Craving a burger but you don't eat much meat? This black bean quinoa burger is the perfect answer to your burger craving! A veggie burger with a nice crispy, firm exterior and tender inside combined with great taste. This black bean burger is made with quinoa, oats, and fresh veggies, and the recipe is easy to make and goes together quickly.
Place tomatoes into food processor. Process the tomatoes until they are mostly chopped. Remove and place them in a bowl for later.
2 medium roma tomato
Place ¼ cup of red onion and 2 cloves of garlic into the processor and pulse a few times until it is finely chopped. Throughout the steps, If the ingredients stick to the sides and don’t get chopped, use a spatula to push them down into the processor bowl and pulse again.
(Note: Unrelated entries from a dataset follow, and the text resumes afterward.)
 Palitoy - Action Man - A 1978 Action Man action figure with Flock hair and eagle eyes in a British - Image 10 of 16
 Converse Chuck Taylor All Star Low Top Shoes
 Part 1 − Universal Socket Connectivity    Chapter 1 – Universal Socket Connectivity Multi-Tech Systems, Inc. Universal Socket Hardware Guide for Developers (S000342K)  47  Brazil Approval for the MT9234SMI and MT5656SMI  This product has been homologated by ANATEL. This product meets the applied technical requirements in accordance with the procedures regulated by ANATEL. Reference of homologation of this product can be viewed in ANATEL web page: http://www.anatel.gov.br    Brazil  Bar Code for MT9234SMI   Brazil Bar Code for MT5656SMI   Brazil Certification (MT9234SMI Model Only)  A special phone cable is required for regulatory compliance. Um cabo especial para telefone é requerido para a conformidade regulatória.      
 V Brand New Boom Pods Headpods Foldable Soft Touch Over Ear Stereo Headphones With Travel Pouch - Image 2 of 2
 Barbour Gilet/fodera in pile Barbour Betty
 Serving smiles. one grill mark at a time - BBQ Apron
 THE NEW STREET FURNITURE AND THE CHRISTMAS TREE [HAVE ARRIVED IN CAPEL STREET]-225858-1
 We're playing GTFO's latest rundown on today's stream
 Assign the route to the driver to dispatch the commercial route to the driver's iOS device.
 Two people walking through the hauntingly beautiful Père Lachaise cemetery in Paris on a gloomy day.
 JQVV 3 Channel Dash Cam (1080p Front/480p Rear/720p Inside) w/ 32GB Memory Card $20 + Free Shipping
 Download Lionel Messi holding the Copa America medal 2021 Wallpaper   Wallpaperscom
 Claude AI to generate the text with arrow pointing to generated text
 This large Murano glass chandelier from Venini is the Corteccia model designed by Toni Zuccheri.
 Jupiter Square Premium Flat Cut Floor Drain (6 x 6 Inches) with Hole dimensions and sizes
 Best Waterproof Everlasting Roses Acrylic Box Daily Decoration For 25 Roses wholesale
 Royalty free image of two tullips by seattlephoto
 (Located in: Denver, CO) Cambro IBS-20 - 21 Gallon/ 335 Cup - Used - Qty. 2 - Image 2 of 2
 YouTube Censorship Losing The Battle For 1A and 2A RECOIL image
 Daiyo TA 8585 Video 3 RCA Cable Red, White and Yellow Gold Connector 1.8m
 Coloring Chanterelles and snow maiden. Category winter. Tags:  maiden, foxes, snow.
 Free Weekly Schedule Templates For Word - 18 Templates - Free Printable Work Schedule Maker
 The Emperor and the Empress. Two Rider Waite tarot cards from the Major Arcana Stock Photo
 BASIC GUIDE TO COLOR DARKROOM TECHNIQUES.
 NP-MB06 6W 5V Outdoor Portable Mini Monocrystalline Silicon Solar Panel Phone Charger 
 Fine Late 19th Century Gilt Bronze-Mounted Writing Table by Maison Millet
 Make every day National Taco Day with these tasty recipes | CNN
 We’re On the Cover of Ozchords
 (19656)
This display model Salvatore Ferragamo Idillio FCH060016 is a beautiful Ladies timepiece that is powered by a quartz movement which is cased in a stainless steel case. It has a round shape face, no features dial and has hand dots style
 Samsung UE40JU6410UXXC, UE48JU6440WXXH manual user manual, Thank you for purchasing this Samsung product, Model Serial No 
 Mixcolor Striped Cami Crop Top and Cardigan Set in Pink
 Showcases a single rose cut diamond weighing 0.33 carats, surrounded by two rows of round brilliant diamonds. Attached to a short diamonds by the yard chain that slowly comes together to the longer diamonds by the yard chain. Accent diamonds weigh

2 cloves garlic, ½ cup red onion
Next add the mushrooms, parsley and cilantro. You want to pulse until the mushrooms are finely chopped.
¼ cup flat leaf parsley leaves, ¼ cup cilantro leaves, 1 cup sliced mushrooms
Next add in the black beans, tomatoes, cumin and salt. When you pulse this time, make sure you don’t over process, as you want the burgers to have a little texture.
1 can black beans, ½ teaspoon cumin, ½ teaspoon salt
Lastly, add the quinoa and rolled oats to the processor. Pulse in short bursts to combine ingredients and make sure that the mixture retains some texture.
½ cup quinoa, 1 cup rolled oats
Line baking tray with parchment paper, measure out ½ cup of mixture and form into patties. Place the burgers on the parchment paper with space in between.
Place the burgers in a hot oven and cook for 20 minutes. Remove the tray and gently flip the burgers, place the tray back in the oven and cook for an additional 15 minutes. The burgers should be hot and a crust should be formed on the outside.
Notes
Shaping the Burgers. Measure the mixture out for even cooking and use a burger press for the best-shaped burgers. It's an inexpensive kitchen tool that really comes in handy and makes prettier veggie burger patties.
Best Burger Size. Weigh the mixture using a kitchen scale so that each patty is 3 or 3.5 ounces. If you don't have a scale, use a half-cup measuring cup. Don't make them larger as they will be crumbly.
Flipping the Burgers. Flip carefully halfway through the cooking process as the patties are still a little fragile but will firm up more as they continue cooking.
Don’t Over-Process. The best way to do this is to use short pulses to chop and mix at each step. And doing so only long enough to chop the ingredients into small pieces without turning them to mush.